—Quiero ver a Sam Collins. Ahora. Dígale que la señorita Kitty Peck le espera.
El chico de la imprenta me miraba embobado. Si había esperado que el Pardillo de Limehouse se pareciera a la gorda gallina de Bantam de la página tres, no era de extrañar que no la reconociera allí de pie, al otro lado de su mostrador, en su versión delgada. Masculló algo sobre las citas y abrió una agenda veteada que tenía encima del mostrador.
—Aquí no hay nada, señora… señorita Peck, ¿no? El señor Peters no ha hecho ninguna entrada en la agenda para usted. Al menos no para esta tarde. El señor Collins es un hombre muy ocupado. ¿Podría volver mañana?
A punto estuve de soltarle una impertinencia cuando la puerta de la calle se abrió con un tintineo a mi espalda.
—Ha empezado a nublarse fuera, Ben, así que ya podemos despedirnos del buen tiempo. Puede que vuelva a nevar.
Giré sobre mis talones y me encontré con Sam allí de pie, frotándose las manos.

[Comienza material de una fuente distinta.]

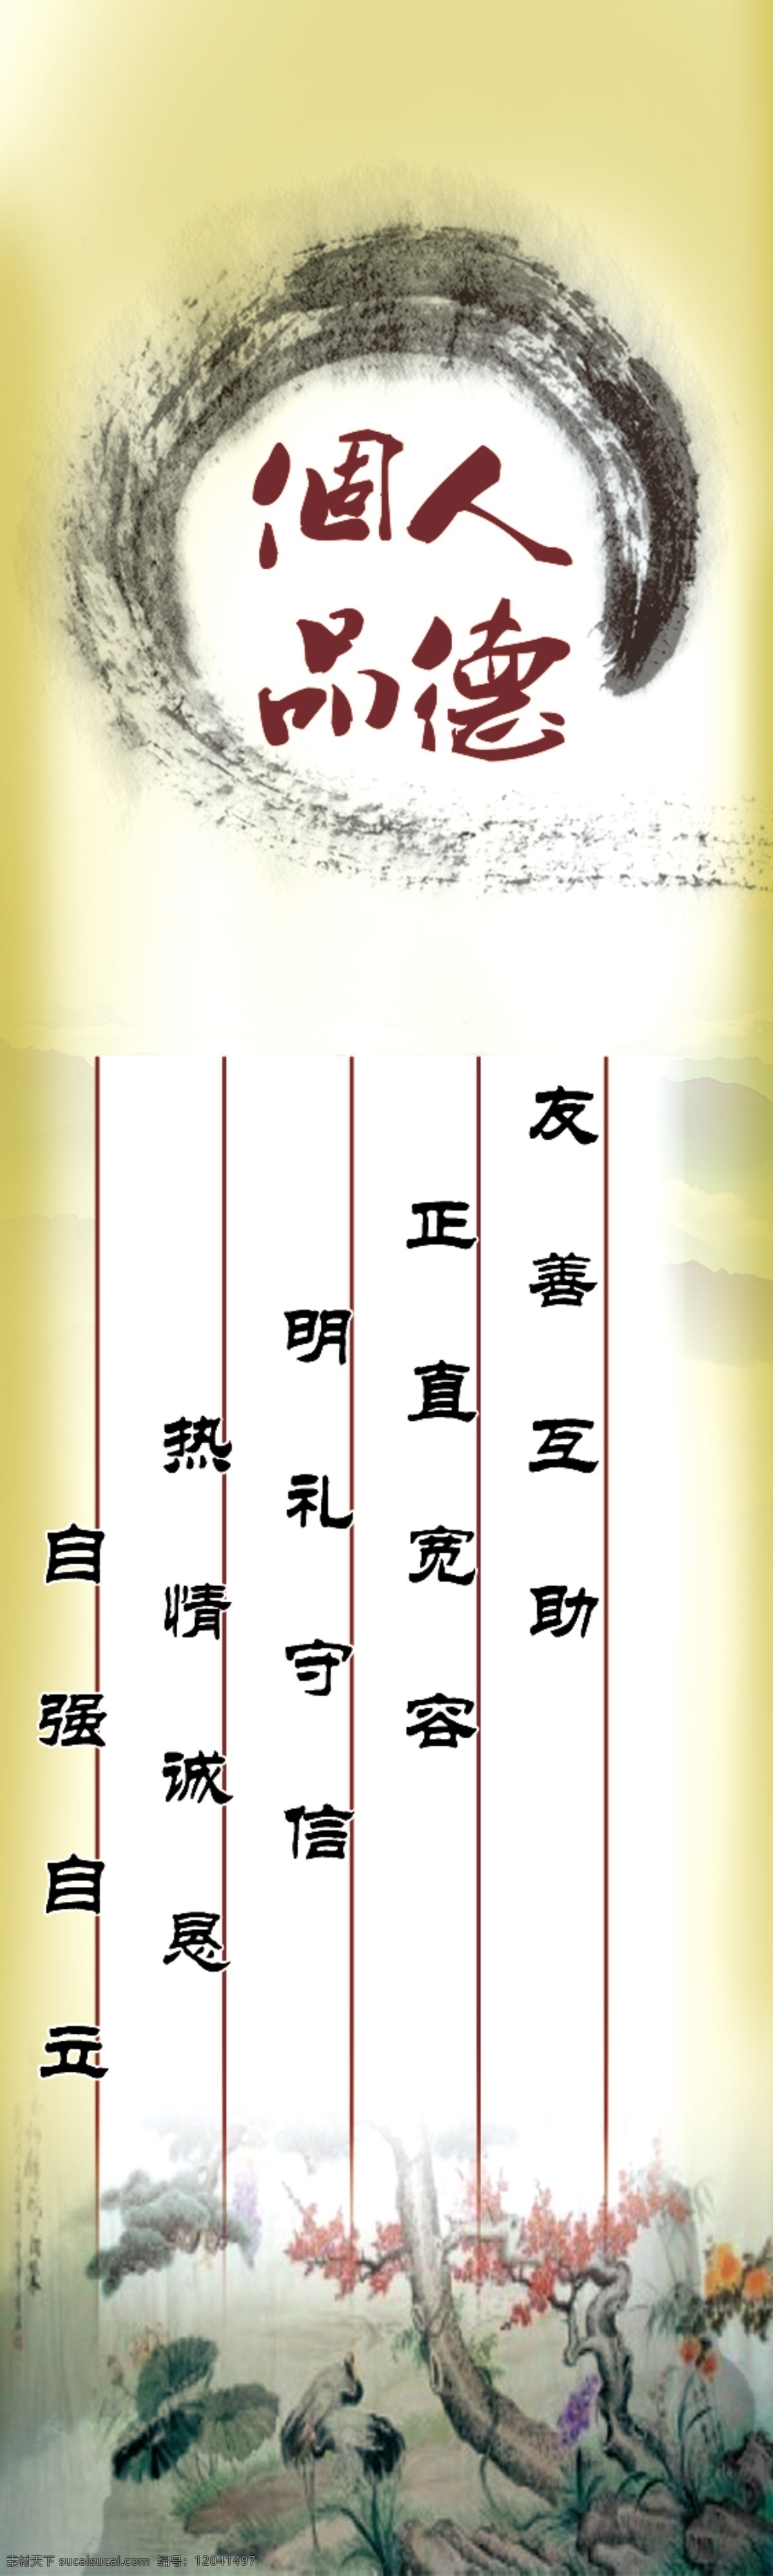 个人品德 水墨 中国风 文词 风景 展板模板 广告设计模板 源文件

—¡Señorita Peck! ¿Ha recibido mi mensaje? —Debió de ver cierto brillo en mis ojos, porque se apresuró a añadir—: Naturalmente que sí. Una pequeña licencia artística aquí y allá, aunque en cualquier caso con un resultado de lo más satisfactorio. Espero que esté usted de acuerdo conmigo. Los muchachos de la imprenta del sótano han hecho una preciosidad retocando mi dibujo. Son unos trabajadores rapidísimos. Y estoy convencido de que no le ha hecho ningún daño al negocio, ¿verdad? —Se echó a un lado el flequillo castaño y me guiñó el ojo.
Fruncí el ceño.
—Lo veremos esta noche, espero. Desde luego sabe usted cómo inflar una historia, señor Collins. Casi tanto como lo ha hecho con la chica de la imagen.
—Como ya le he dicho, señorita Peck, no es más que una pequeña licencia artística. Así todos contentos.

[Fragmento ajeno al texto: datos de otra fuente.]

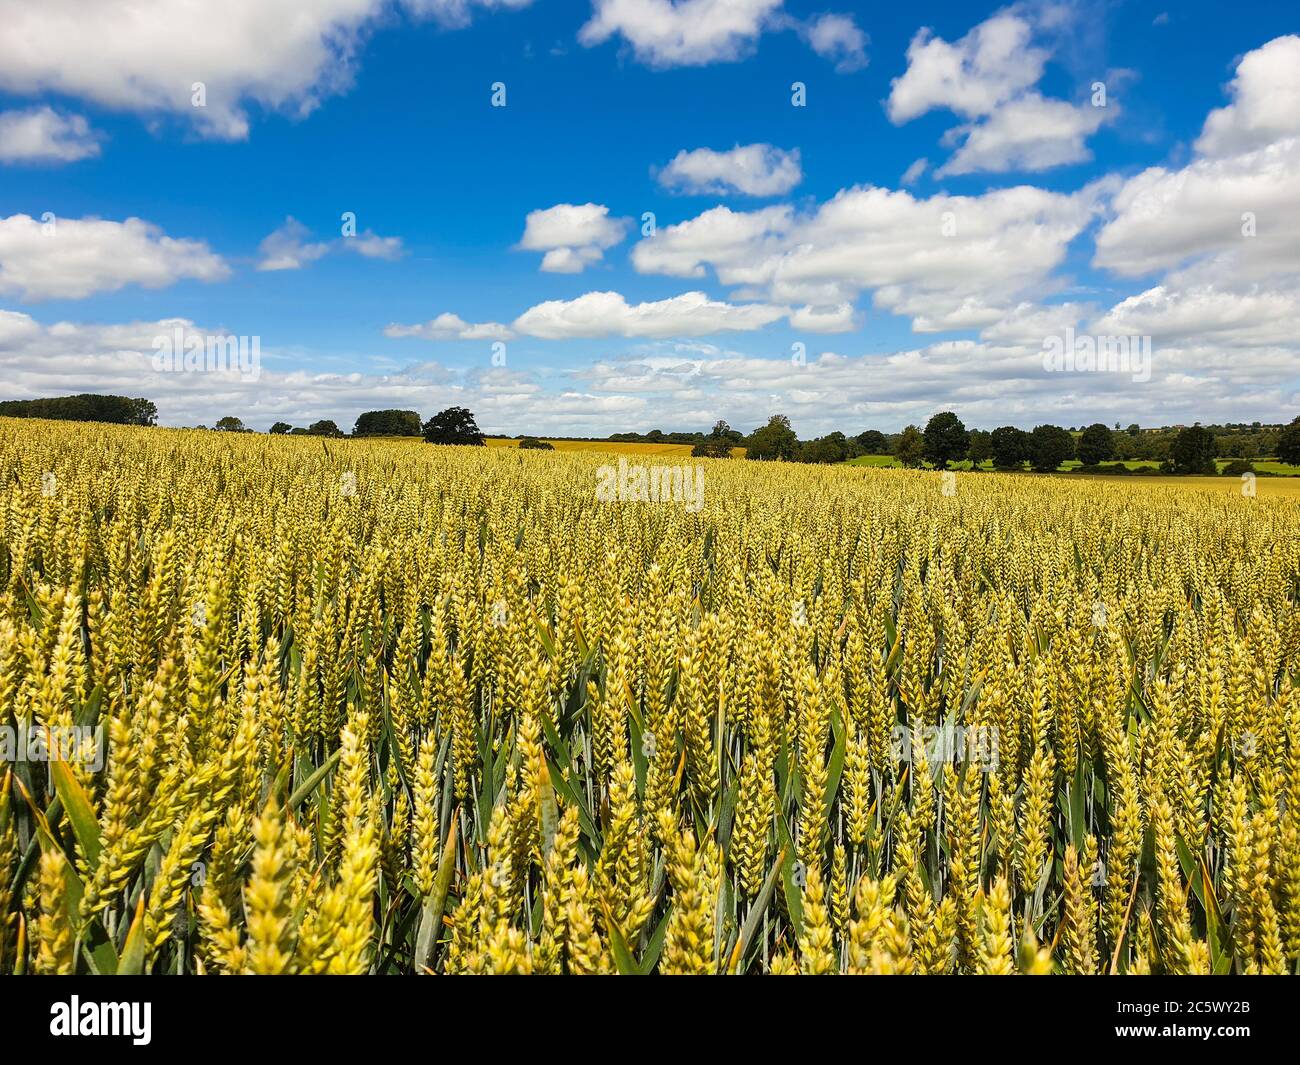 Ein Maisfeld an einem Sommertag. Strahlend blauer Himmel und flauschige weiße Wolken Stockfoto

Incliné la cabeza a un lado. A decir verdad, también había empezado a desconfiar de Sam Collins. ¿Cómo había logrado The London Picture imprimir tan rápido la historia de mi accidente?
—No ha perdido usted el tiempo, ¿eh?
Sonrió de oreja a oreja.
—Contactos que tiene uno, señorita Peck. Contactos. Me complace pensar que tengo sus lares bien cubiertos. Dispongo de mis contactos. —Se golpeó con suavidad un lado de la nariz—. Algunos en los lugares más sorprendentes. De eso quería hablarle.
Se aflojó la bufanda y empezó a intentar desabrocharse los botones del abrigo. Los llevaba todos insertados en el ojal equivocado, lo cual le daba el aspecto de un paquete mal envuelto. Me sorprendí pensando que si Sam Collins era un asesino, tendría que emplear a alguien con mucha más destreza física para que cargara con sus bolsas de cuchillos. Le llevó un buen rato quitarse el abrigo y cuando lanzó la bufanda al gancho de la pared, erró dos veces antes de conseguir acertar el tiro. Cuando por fin lo logró, se volvió hacia mí y sonrió.
—Suba conmigo a mi oficina, se lo ruego. Un trato es un trato, y estoy en deuda con usted, Kitty.
La pequeña oficina de Sam estaba si cabe más desordenada que la última vez, con oscilantes montones de libros y de periódicos cubriendo todas las superficies imaginables e incluso la mayor parte del suelo. Prácticamente tuvo que escarbar bajo su escritorio para encontrar su silla.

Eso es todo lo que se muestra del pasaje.